9. Дионисизм. Религия Диониса — противоположна аполлинизму. Вместо успокоительной стройности и мерности аполлинийских созерцаний, здесь мы находим сомнение в них и даже уничтожение этого веселого и мудрого любования сновидческими формами. «Чудовищный ужас, который охватывает человека, когда он усомнится в формах познавания явлений», характерен для дионисийского состояния. Но вслед за этим дионисизм теряет и то отъединение и средостение, которое существует между человеком и окружающим его миром. Человек тут переживает восторг и блаженство самозабвения и выхода из размеренного и узаконенного мира. Дионисизм — это «блаженный восторг, поднимающийся в недрах человека и даже природы, когда наступает такое же нарушение principii individuationis», восторг опьянения. «Либо под влиянием наркотического напитка, о котором говорят в своих гимнах все первобытные люди и народы, либо при могучем, радостно проникающем всю природу приближении весны, просыпаются те дионисические чувствования, в подъеме которых субъективное исчезает до полного самозабвения. Еще в немецком средневековье, охваченные той же дионисической силой, носились все возраставшие толпы с пением и плясками, с места на место; в этих плясунах св. Иоанна и св. Вита мы узнаем вакхические хоры греков, с их историческим прошлым в Малой Азии, восходящим до Вавилона и оргиастических сакеев.
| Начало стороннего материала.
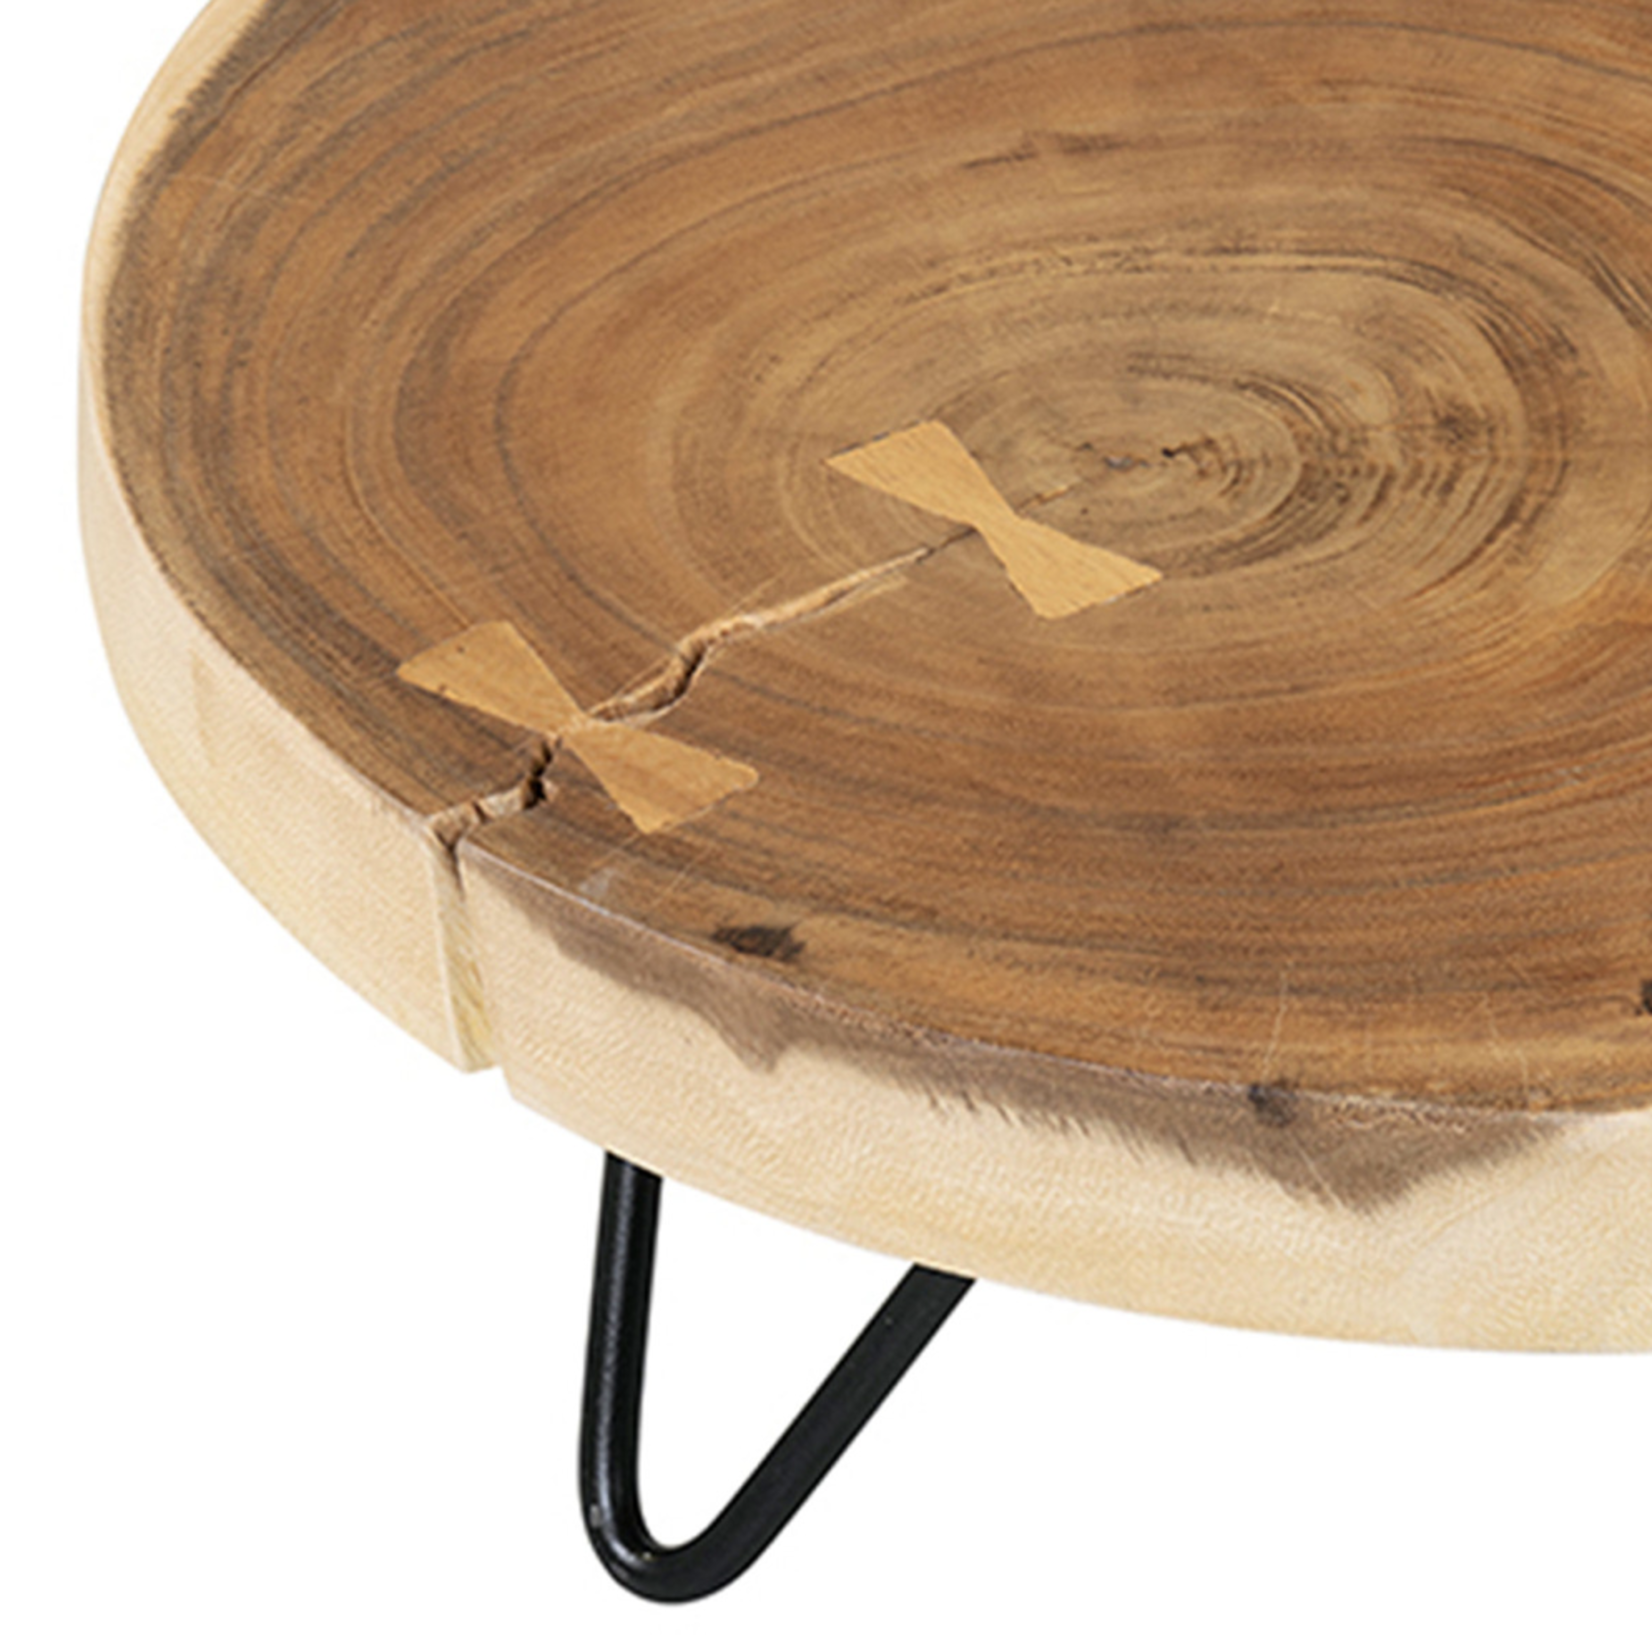 9" Round Teak Wood Riser With Iron Base
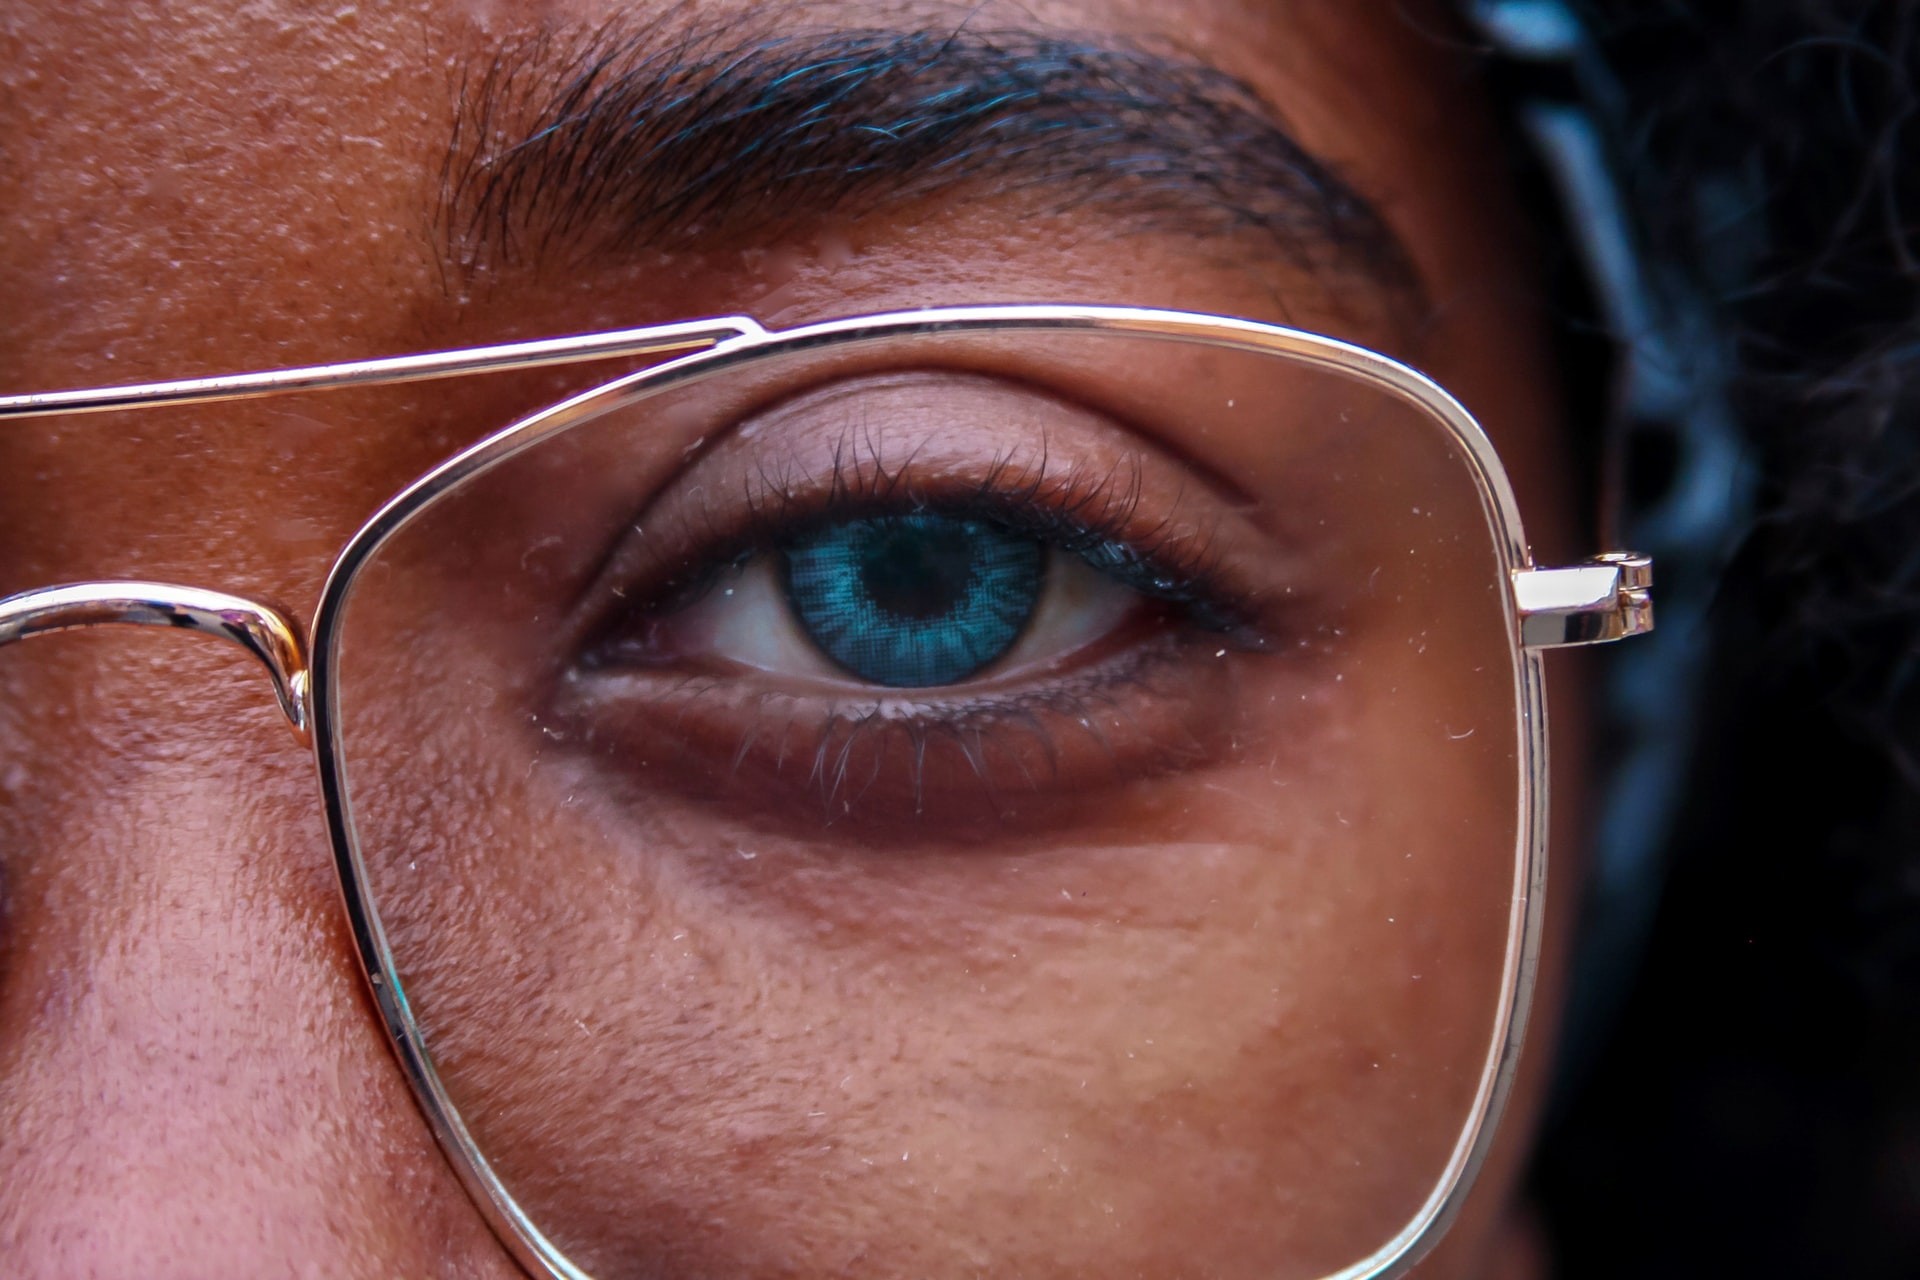 Dor nos olhos é principal sintoma da Covid-19, segundo estudo (Foto:  Melanie Kreutz/Unsplash)

Бывают люди, которые от недостаточной опытности или вследствие своей тупости с насмешкой или с сожалением отворачиваются, в сознании своего собственного здоровья, от подобных явлений, считая их «народными болезнями»; бедные, они и не подозревают, какая трупья бледность лежит на этом пресловутом здоровье, как призрачно оно выглядит, когда мимо него вихрем проносится пламенная жизнь дионисических безумцев». В дионисизме, благодаря этому, происходит воссоединение человека с человеком и с природой — на почве выхождения за пределы индивидуальности.
«Под чарами Диониса не только вновь смыкается союз человека с человеком, сама отчужденная, враждебная и порабощенная природа снова празднует праздник примирения со своим блудным сыном — человеком. Добровольно предлагает земля свои дары, и мирно приближаются хищные звери скал и пустыни. Цветами и венками усыпана колесница Диониса; под ярмом его шествуют пантера и тигр. Превратите ликующую песню «К радости» Бетховена в картину, и если у вас достанет силы воображения, чтобы увидать «миллионы, трепетно склоняющиеся во прахе», то вы можете подойти к Дионису. Теперь раб — свободный человек, теперь разбиты все неподвижные и враждебные границы, установленные между людьми нуждой, произволом и «дерзкой модой». Теперь, при благой вести о гармонии миров, каждый чувствует себя не только соединенным, примиренным, слитым со своим ближним, но единым с ним; как будто разорвано покрывало Маи, и только клочья его еще развеваются перед таинственным Первоединым. В пении и пляске являет себя человек сочленом высокой общины; он разучился ходить и говорить и готов в пляске взлететь в воздушные выси. Его телодвижениями говорит очарование. Как звери получили теперь дар слова и земля течет млеком и медом, так и в человеке звучит нечто сверхприродное; он чувствует себя богом, он сам шествует теперь восторженный и возвышенный; такими он видал во сне шествовавших богов. Человек уж больше не художник, он сам стал художественным произведением; художественная мощь целой природы открывается здесь, в трепете опьянения, для высшего, блаженного самоудовлетворения Первоединого. Благороднейшая глина, драгоценнейший мрамор — человек — здесь лепится и вырубается, и, вместе с ударами резца дионисического мироздателя, звучит элевсинский зов: «вы повергаетесь ниц, миллионы? Мир, чуешь ли ты своего Творца?»»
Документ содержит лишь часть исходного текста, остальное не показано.